## AVAILABLE DATA:
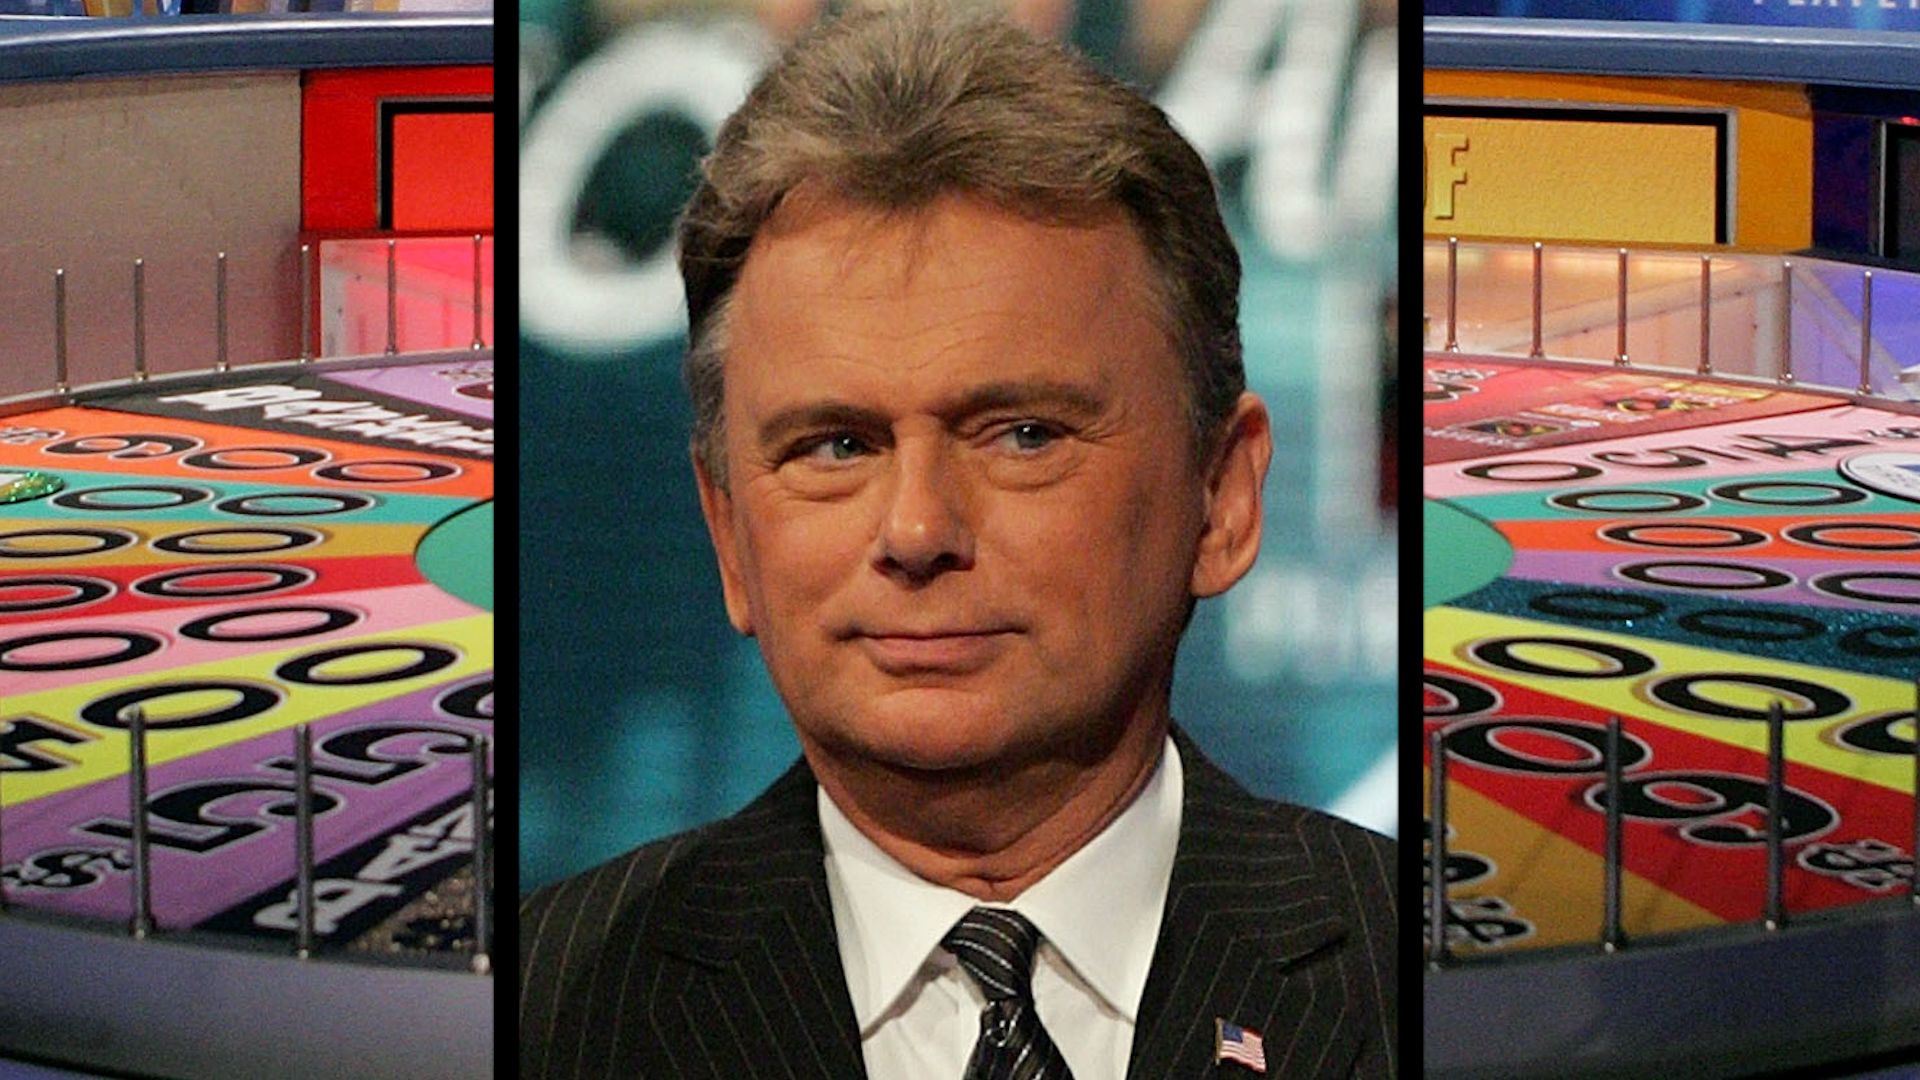 Pat Sajak, Longtime 'Wheel of Fortune' Host, Says He Will Retire
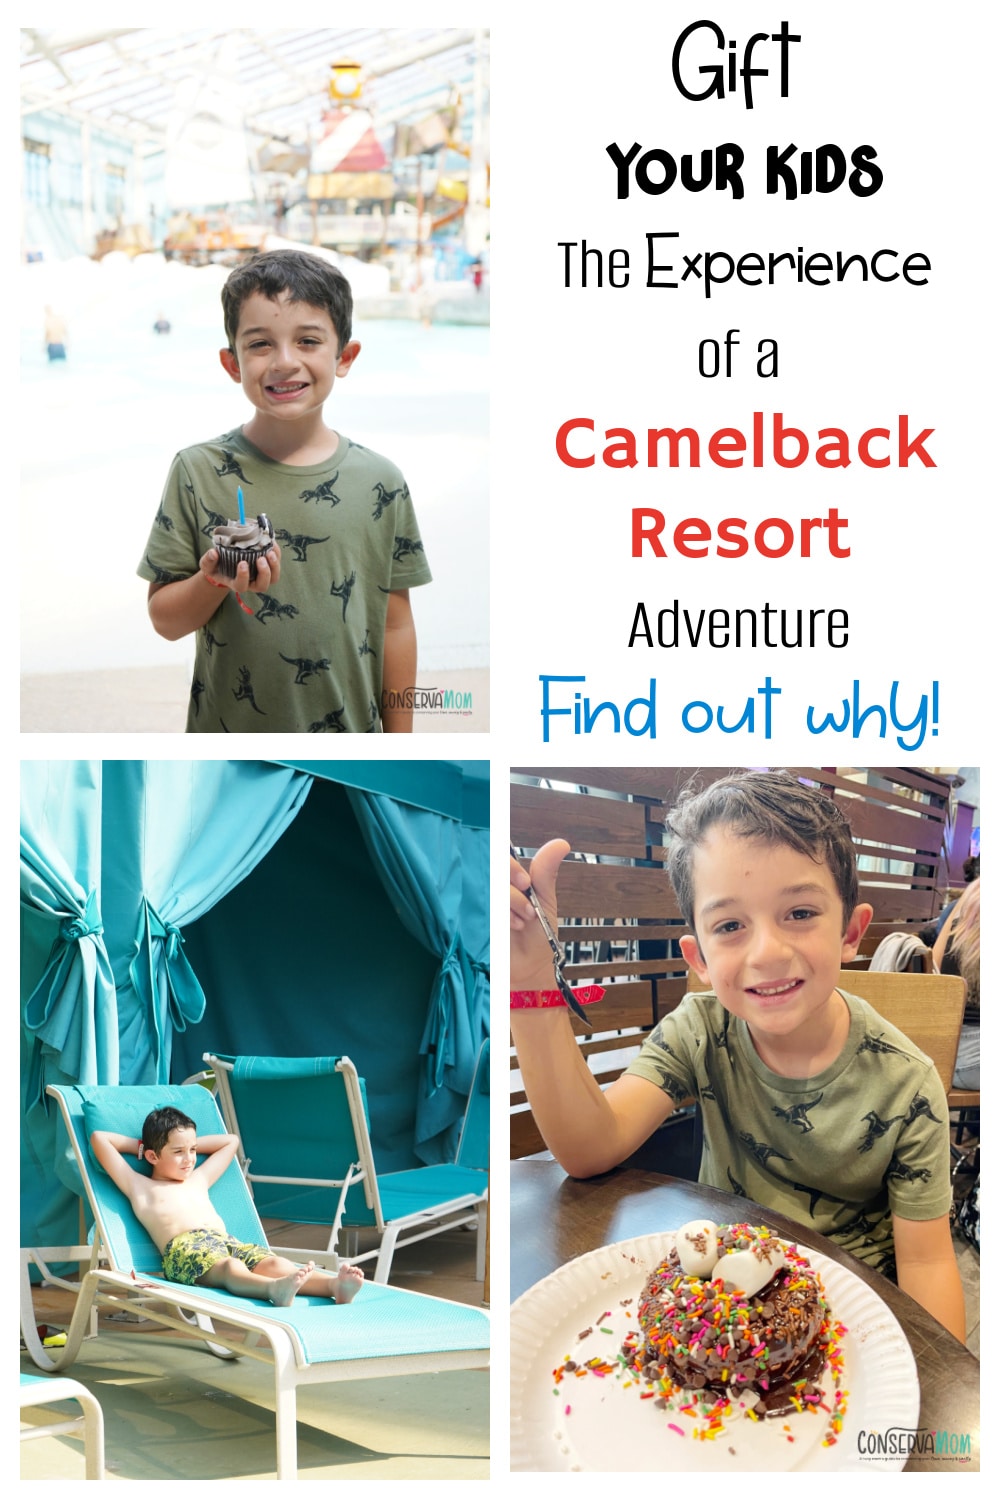 Gift Your Kids The Experience of a Camelback Resort Adventure
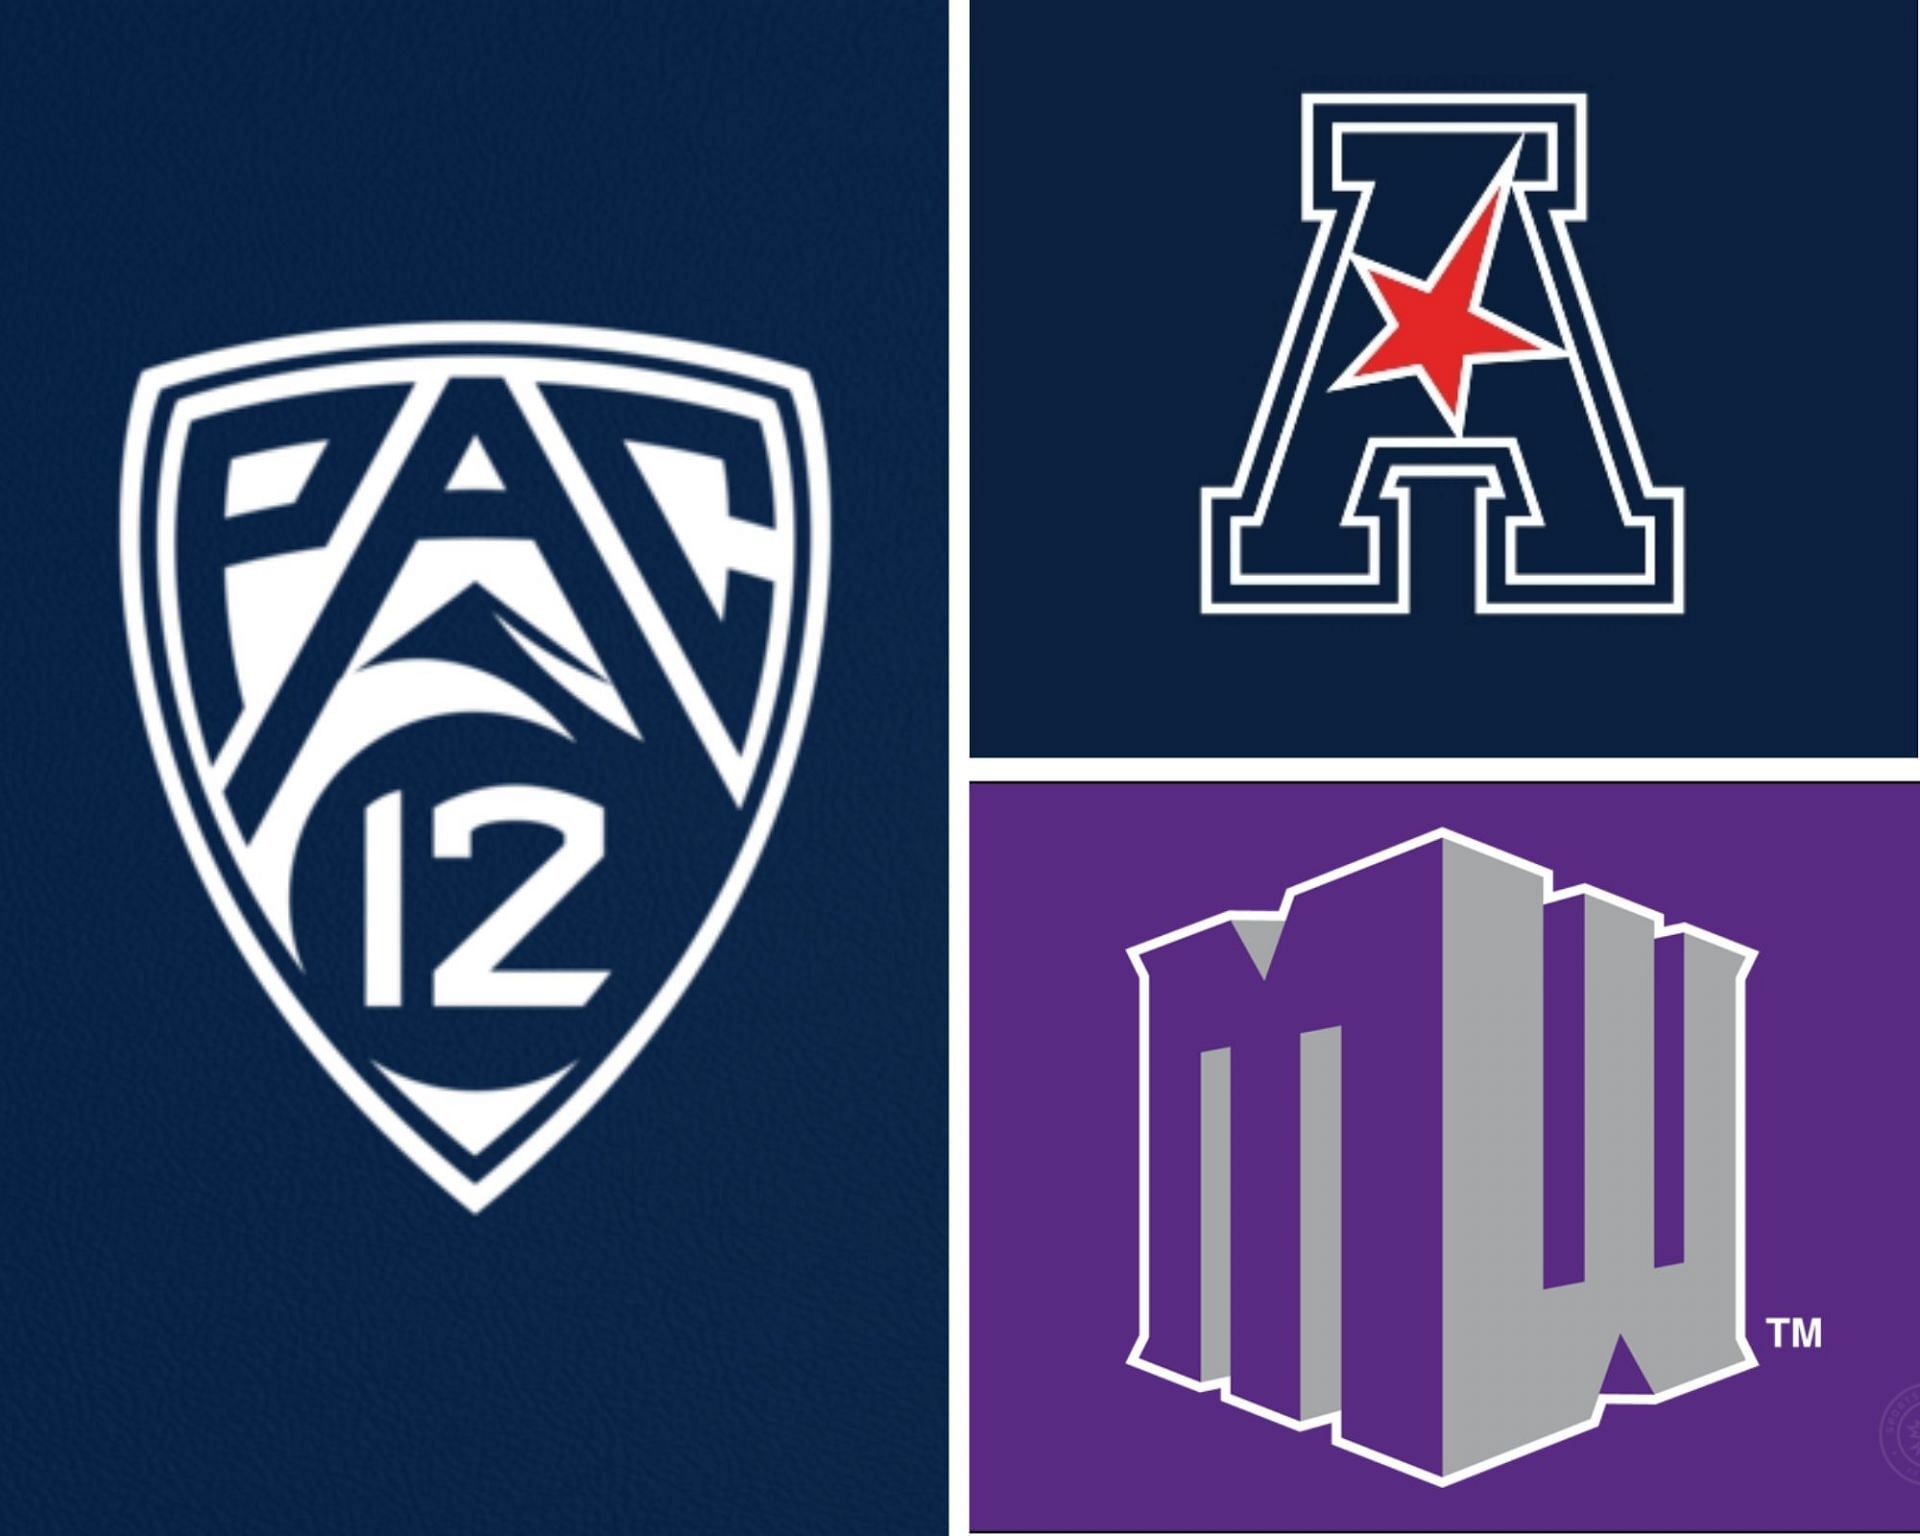 Will the Pac-12 be pursuing a merger? 
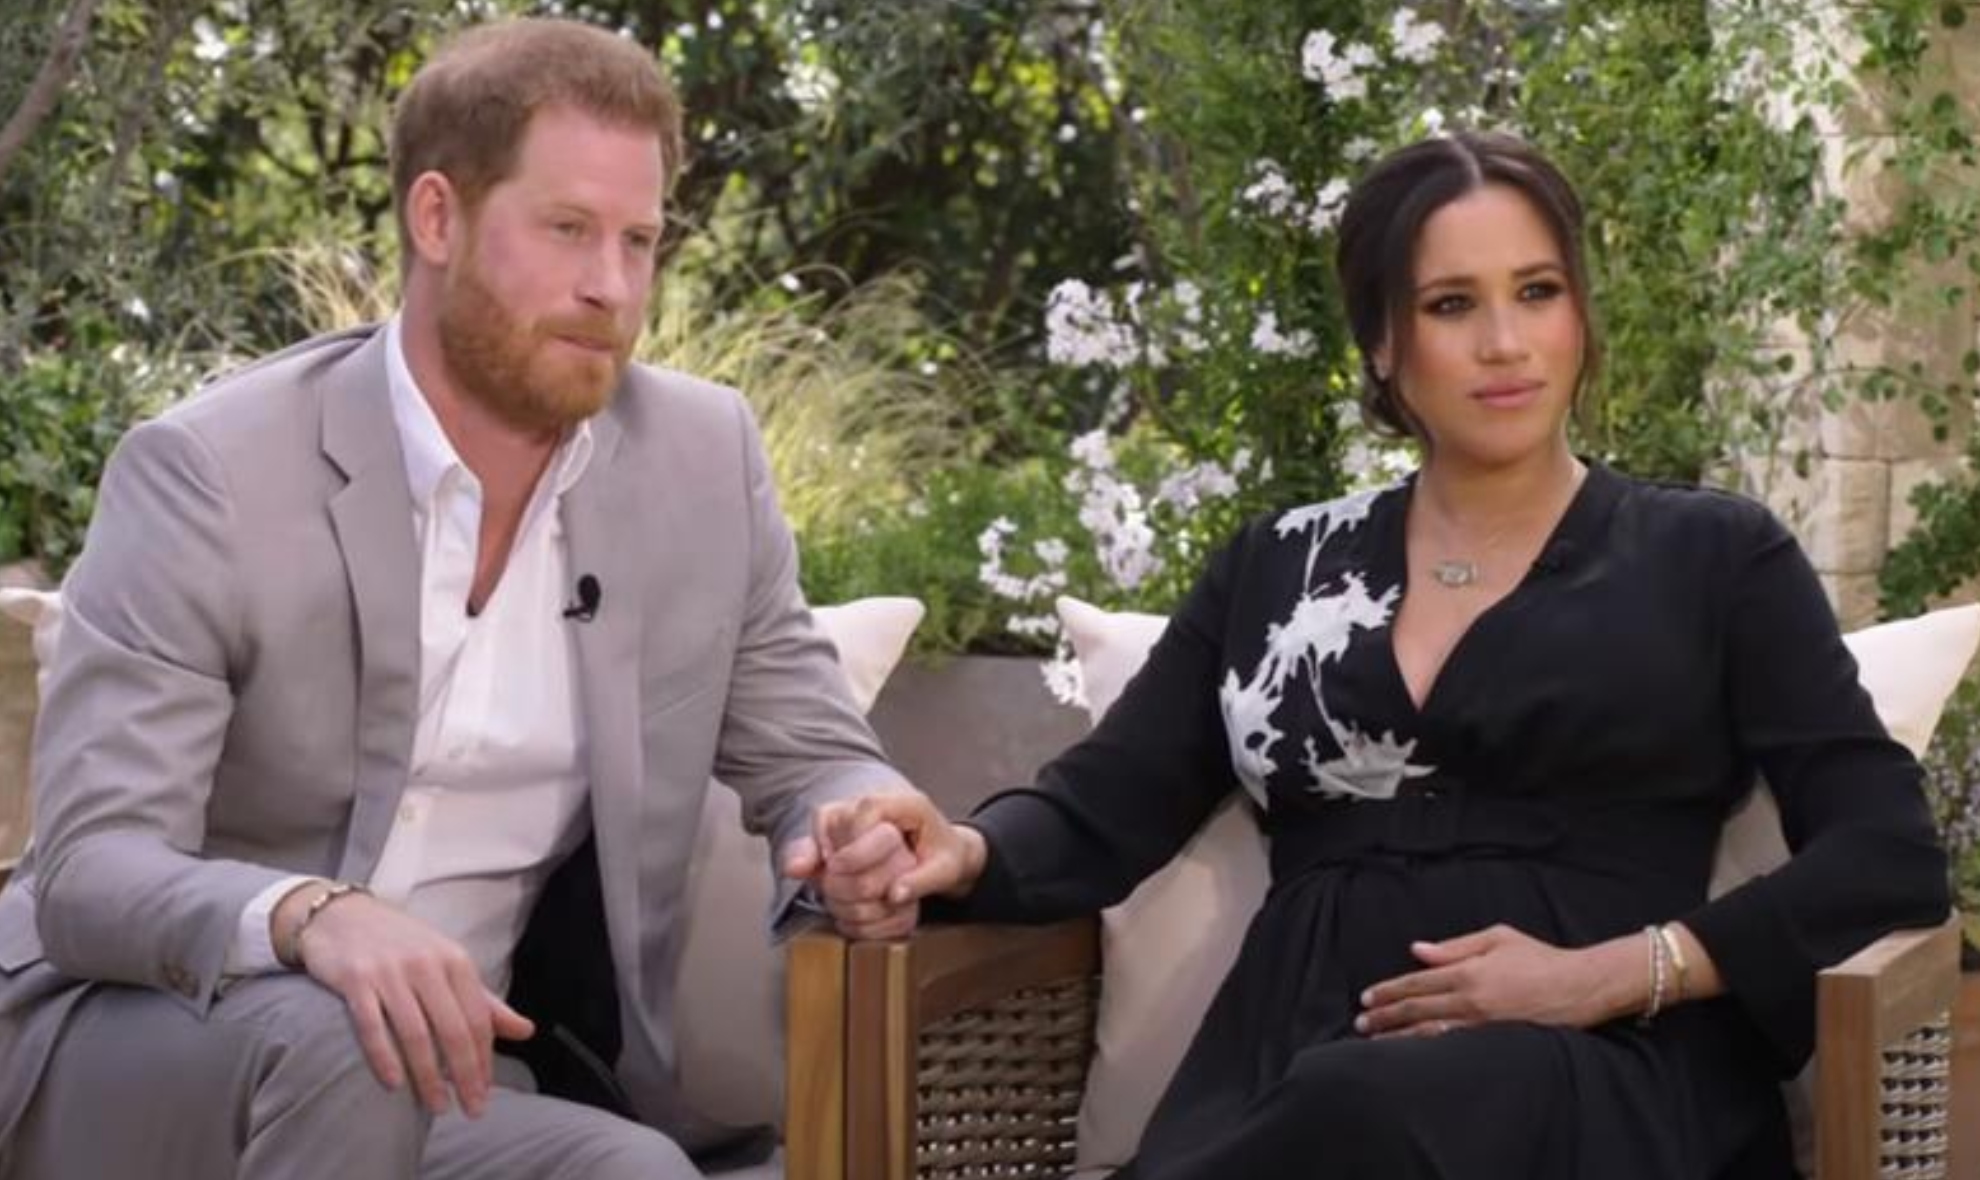 “No one from my family said anything”: The most explosive details to come from Harry & Meghan’s tell-all Oprah interview

## YOUR TASK:
The expected output is exactly the lines from the one containing "Will the Pac-12 be pursuing a merger?" through the last line of the listing, both included, with every picture left out.

## RESPONSE:
 Will the Pac-12 be pursuing a merger? 
 “No one from my family said anything”: The most explosive details to come from Harry & Meghan’s tell-all Oprah interview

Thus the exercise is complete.